English 241

American Literature to 1860

Spring 2003

 

 

For this discussion round, there are two start-off questions.  Choose one and run with it.  Please feel free, however, to take discussion in any direction you wish.  If you wish to begin a thread, identify it in the subject header with ‘QUESTION’ and one of the course instructors will rush in shortly to enter the fray of debate.

 

            This round will close tomorrow, March 26, at 5pm, when new questions will be posted in new conferences.

 

1.         We have studied a series of Puritan texts in this course.  Can you trace specific elements of Puritanism in The Scarlet Letter by comparing actual Puritan characters with the novel’s fictional characters (e.g.

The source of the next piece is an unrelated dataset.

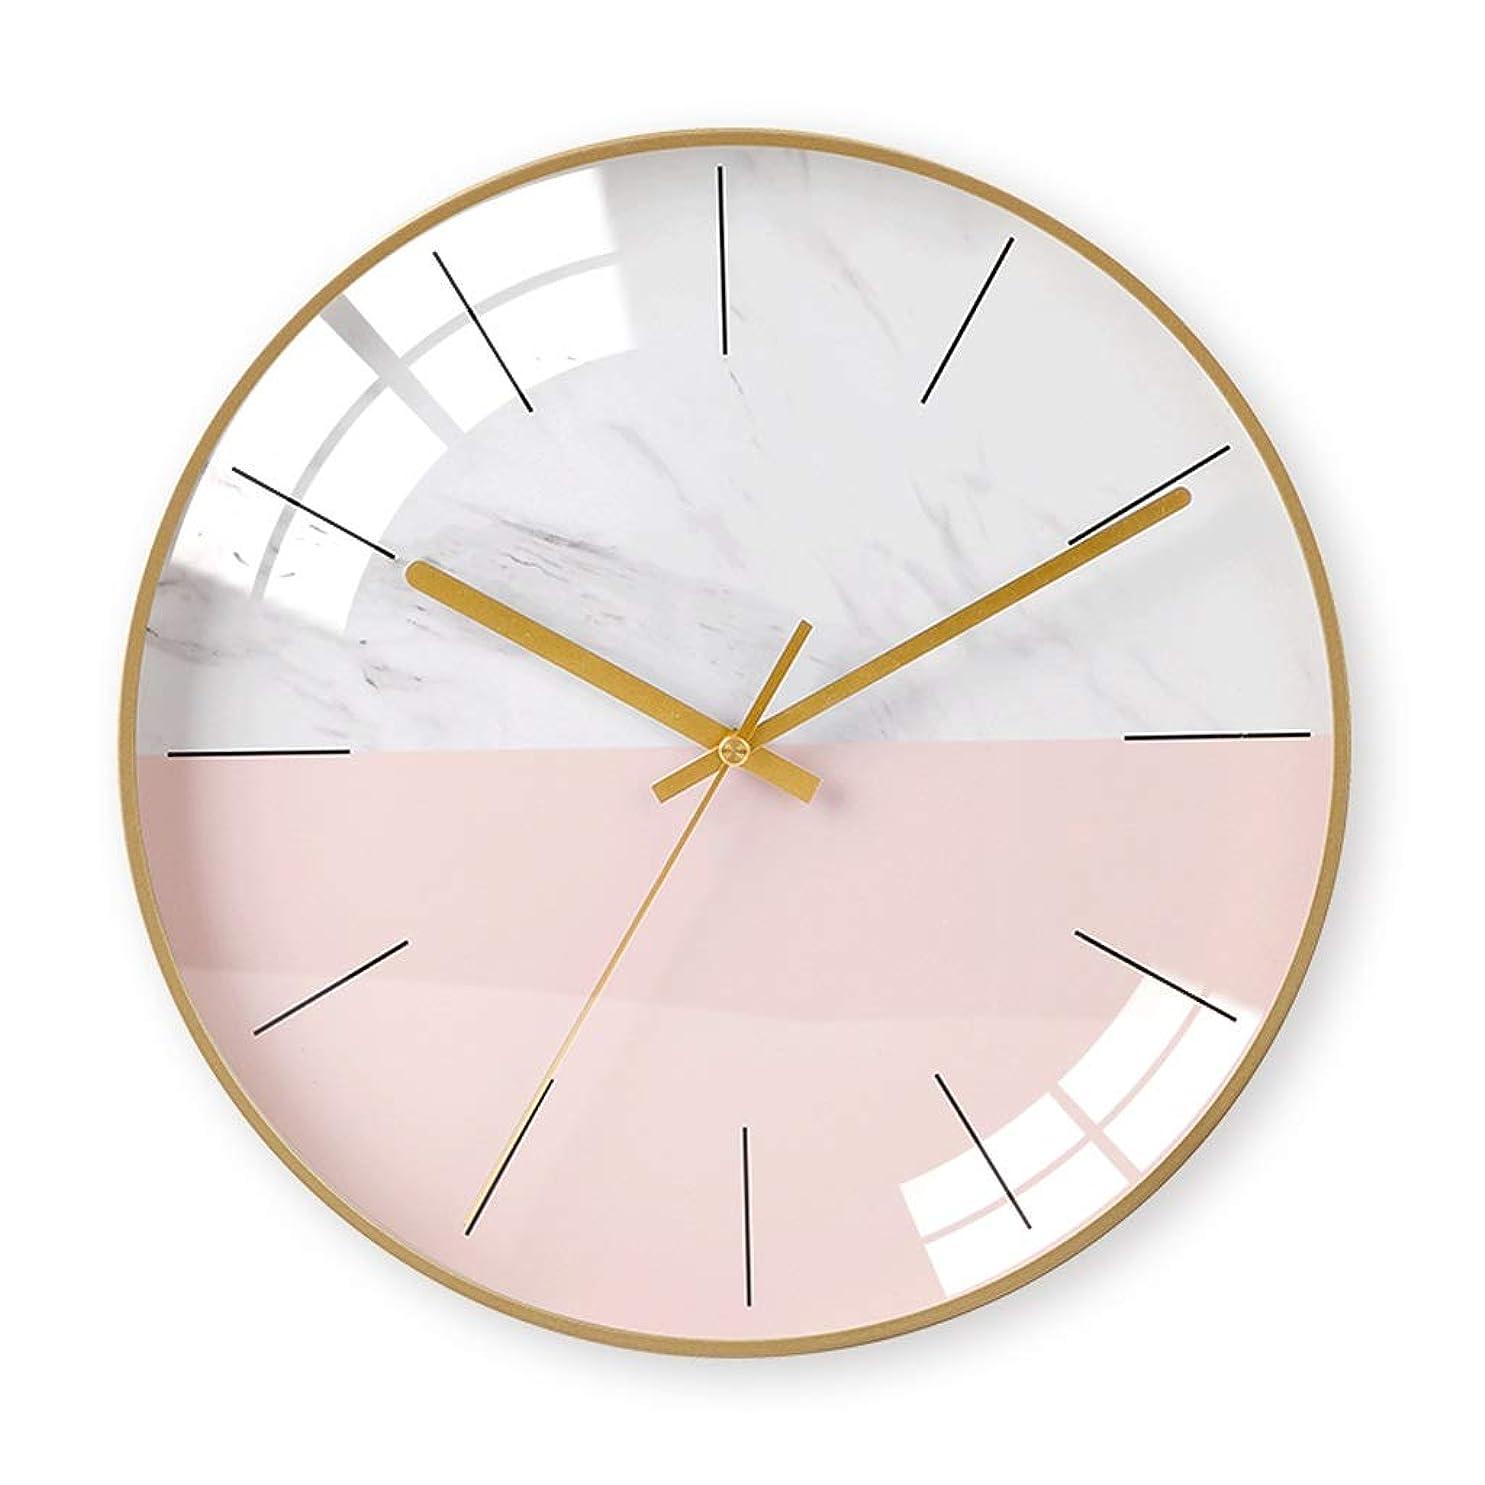 地元群がる不純シンプルな家の壁時計リビングルームの寝室の人格創造的なファッションクロック大気の壁時計、多色オプション JSFQ (Color : Pink)
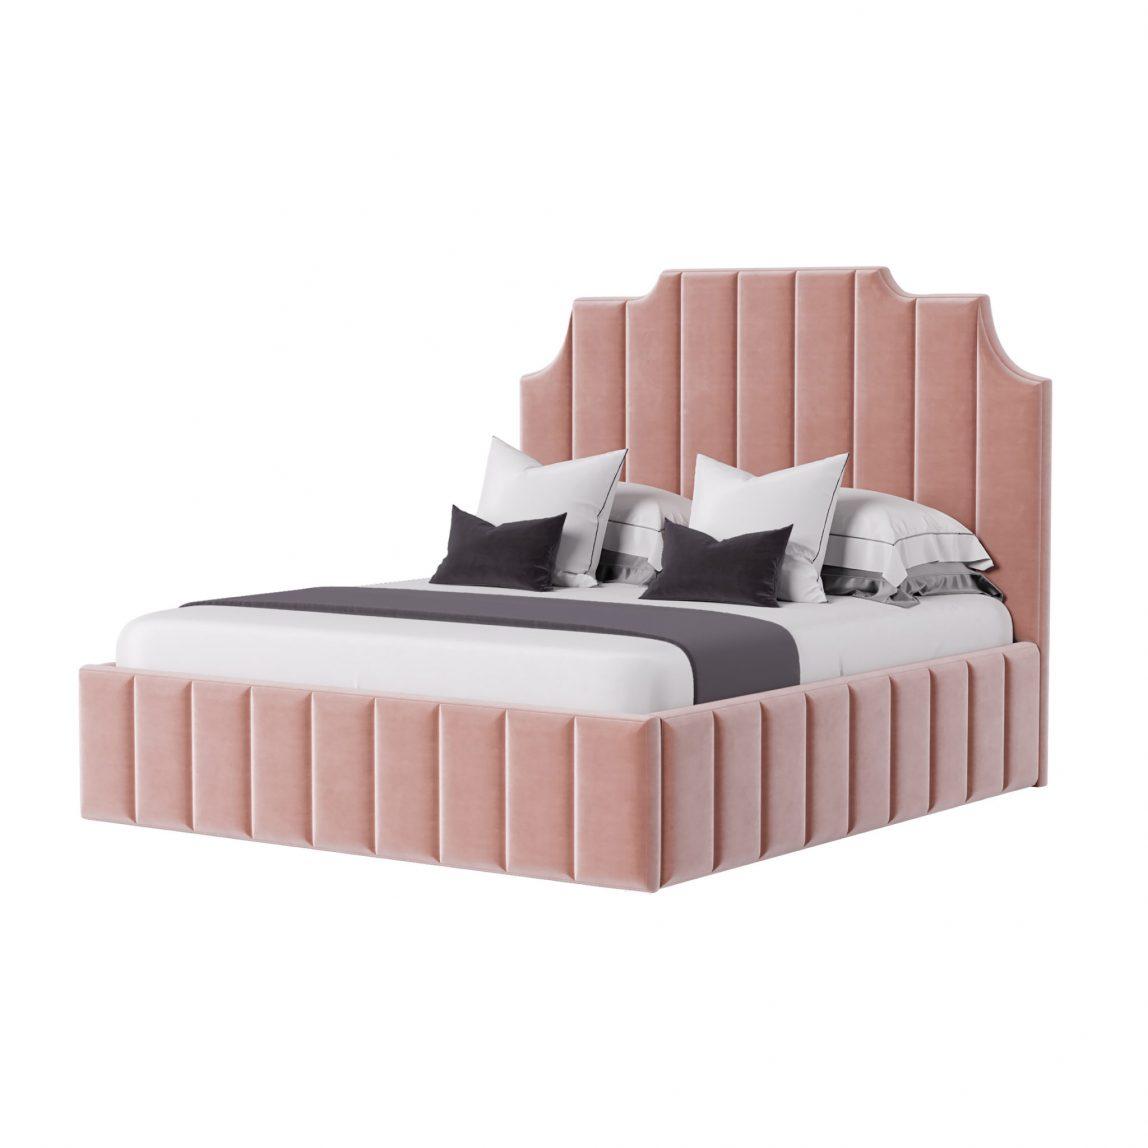 Кровать Китон в стиле Арт-деко

Anne Bradstreet/Hester Prynne, Edward Taylor/Arthur Dimmesdale, or Jonathan Edwards with the novel’s concept of a minister)?  Indeed, how might Hawthorne himself be compared or contrasted with Jonathan Edwards?

 

2.         Hester Prynne states, rather famously,  “What we did had a consecration of its own.”  Such a statement might be construed either as romantic individualism or as a Paine-esque declaration of personal freedom.  And yet, while appreciating these possibilities, Hawthorne also writes a novel that appears to critique uninhibited personal liberty as much as he does a constrictive and hypocritical Puritan society.  While we may view Hester Prynne as courageous, self-effacing and caring, Hawthorne does not write a novel that condones adultery.  Because the law has been violated, censure finds expression alongside compassion.  How do you think Hawthorne handles this balance between individualism and social law?  Should he have written it differently?